A advocacia e os mercados de “tudo ou nada”
Raul Marinho*
Observando a carreira da imensa maioria daqueles que escolheram a advocacia, verifica-se que grande parte destes profissionais está se esfalfando para pagar as contas no fim do mês – o que nem sempre é possível, diga-se de passagem. Onde está a aparente racionalidade que apontava para um futuro de sucesso quase certo? Por que a grande maioria dos advogados nunca chega ao Nirvana sonhado na faculdade? Falta de sorte? Conjuntura sócio-econômica desfavorável? ...Ou talvez seria o fato de que a escolha pelo caminho do sucesso por meio da advocacia era tão racional quanto à do futebol, do cinema ou, em última análise, das viagens interplanetárias? Temo que esta última opção seja a que melhor explica os verdadeiros motivos das frustrações neste mercado, e é disto que iremos tratar neste artigo: da (ir)racionalidade na escolha profissional típica de determinados mercados onde se verificam concentrações exageradas de renda, como a advocacia.

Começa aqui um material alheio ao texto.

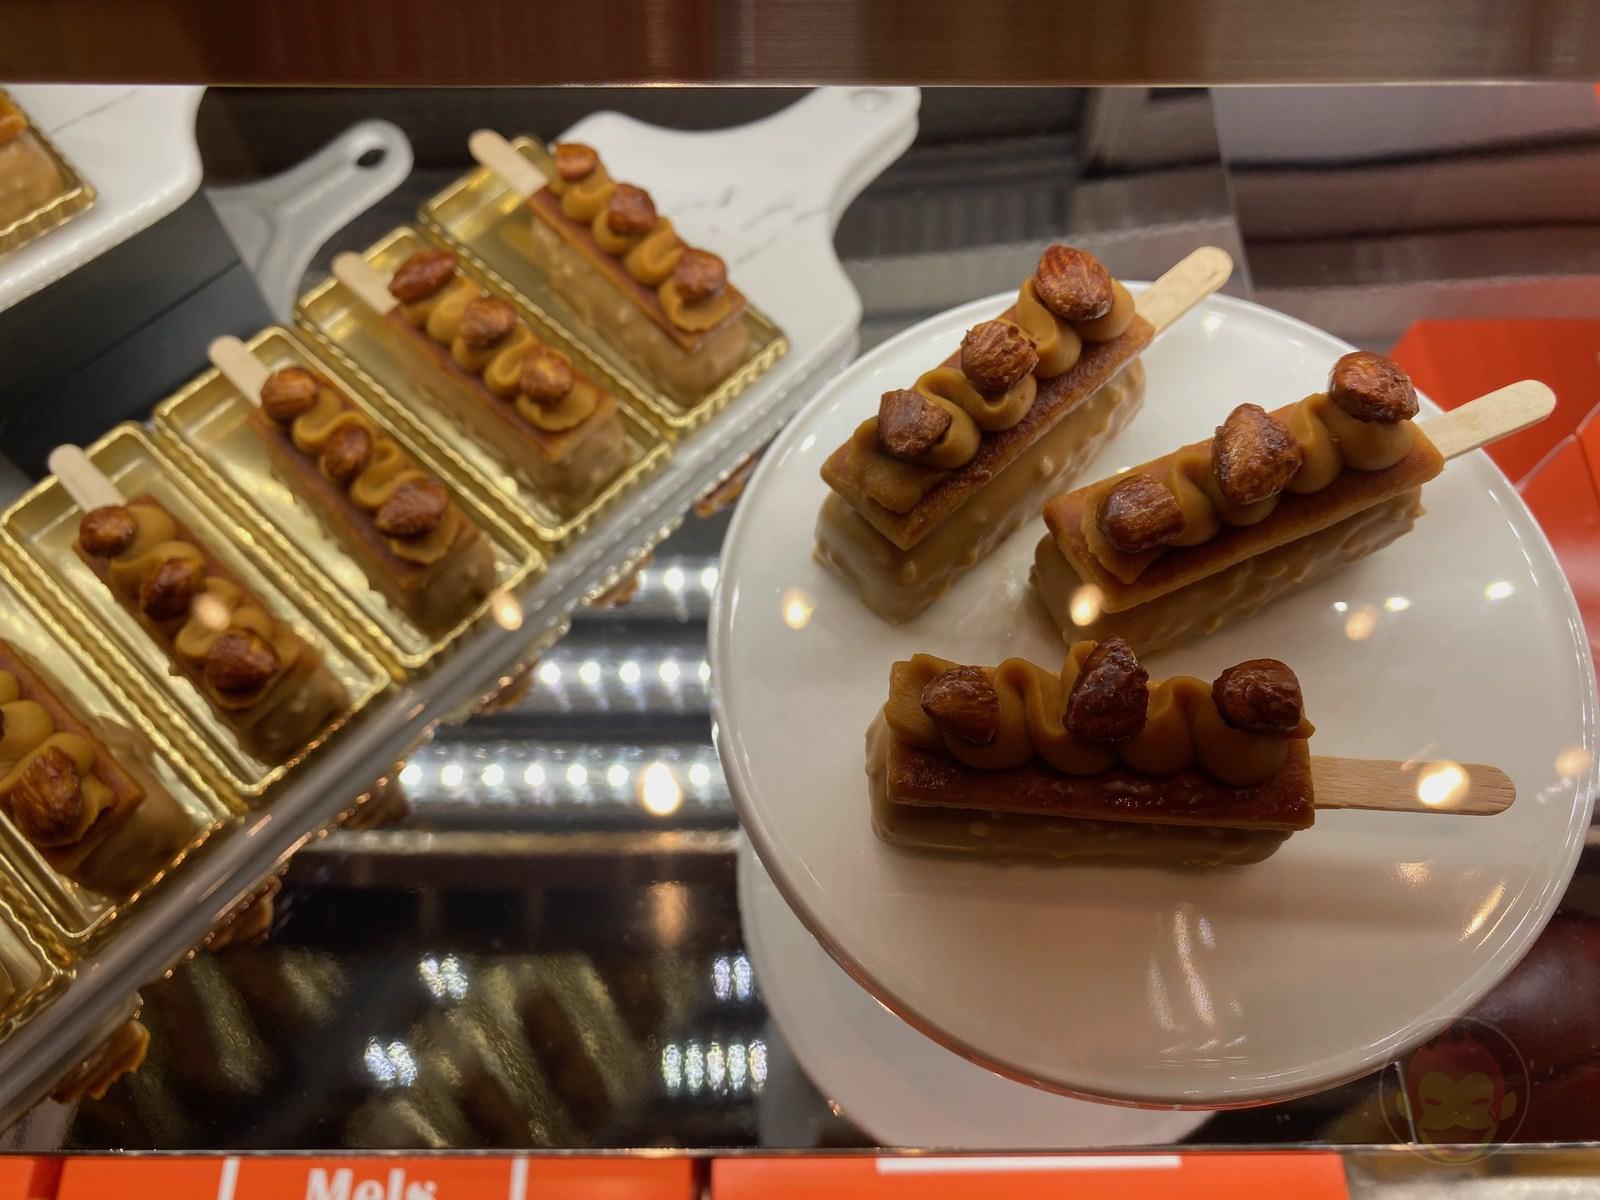 Shibuya-Scramble-Square-Food-I-Ate-87.jpeg

A maior parte da renda auferida na advocacia é obtida em atuações nas demandas judiciais, o popular contencioso. Acontece que, se advogar em processos de grande ou pequena monta requer esforço semelhante, suas respectivas rentabilidades em nada se assemelham – e, por essa razão, a estratégia óbvia é concentrar esforços nas grandes causas. À exceção do idealismo, não haveria maior interesse em advogar em pequenas causas que não a própria subsistência – ou, na melhor das hipóteses, o acúmulo de experiência. Mas, como estratégia profissional racional (economicamente falando, evidentemente), advogar só faz sentido se for nas grandes demandas. Desta forma, o sucesso na advocacia é tão simples quanto ficar à espreita de uma oportunidade de pegar uma grande causa para, em seguida, aparecer na fotografia coroado de louros – de preferência, substituindo as folhas do vegetal por cédulas da moeda estadunidense. Mas, infelizmente, não é isso o que se verifica na prática e, anos depois de formados, muitos estão desiludidos com a profissão.

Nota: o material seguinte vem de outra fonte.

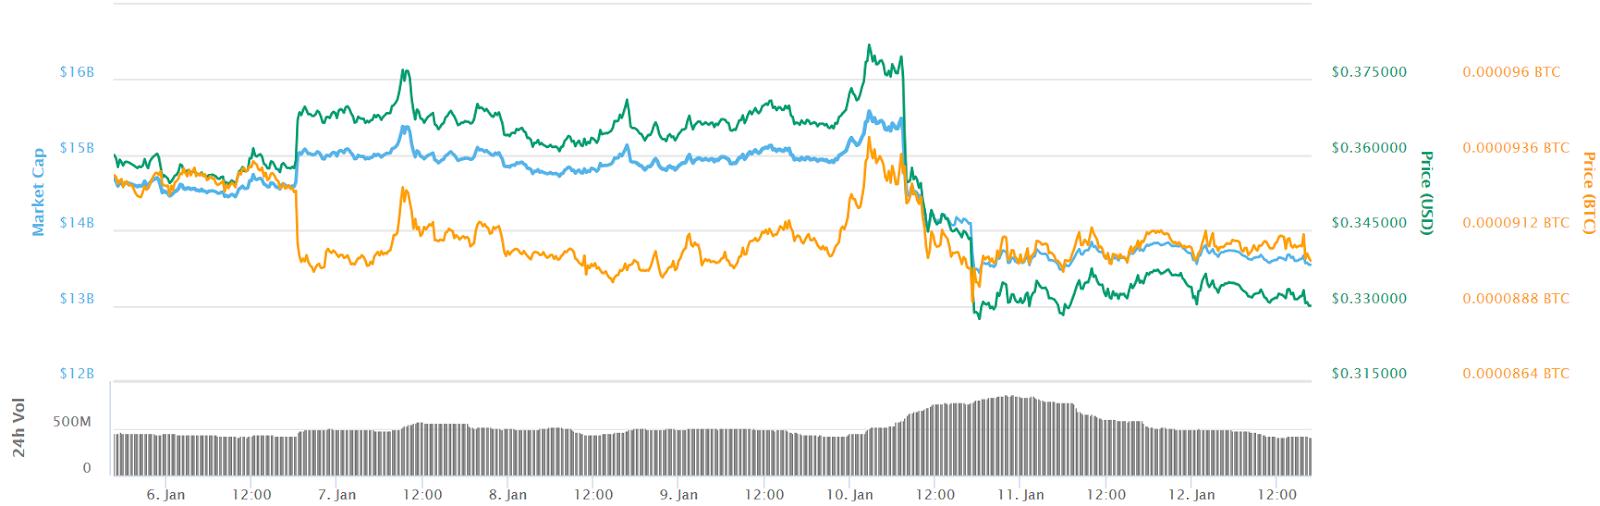 7 days price chart ripple

O problema é que o mesmo motivo que impede que o sonho de jovens e ambiciosos advogados se realize é o mesmo que os desencorajara anos antes a tentar a NASA, Hollywood ou o Maracanã. Trata-se do que um dos maiores expoentes da economia comportamental da atualidade (Robert Frank, de Cornell) definiu como “Mercados de Tudo ou Nada” (“The Winner Takes All Markets”, no original), caracterizados pelo fato de que diferenças sutis de desempenho levam a gigantescas distorções na remuneração. A advocacia é uma profissão em que uma escassa minoria poderá ter sucesso, enquanto a grande massa deverá obter rendimentos inferiores ao obtido em profissões muito menos glamourosas. Felizmente para poucos – e infelizmente para quase todos –, é justamente por esta característica que o mercado da advocacia é tão sedutor, ao contrário de tantas outras profissões que garantem o arroz e feijão na mesa, mas dispensam a gravata e a caneta Mont Blanc no bolso.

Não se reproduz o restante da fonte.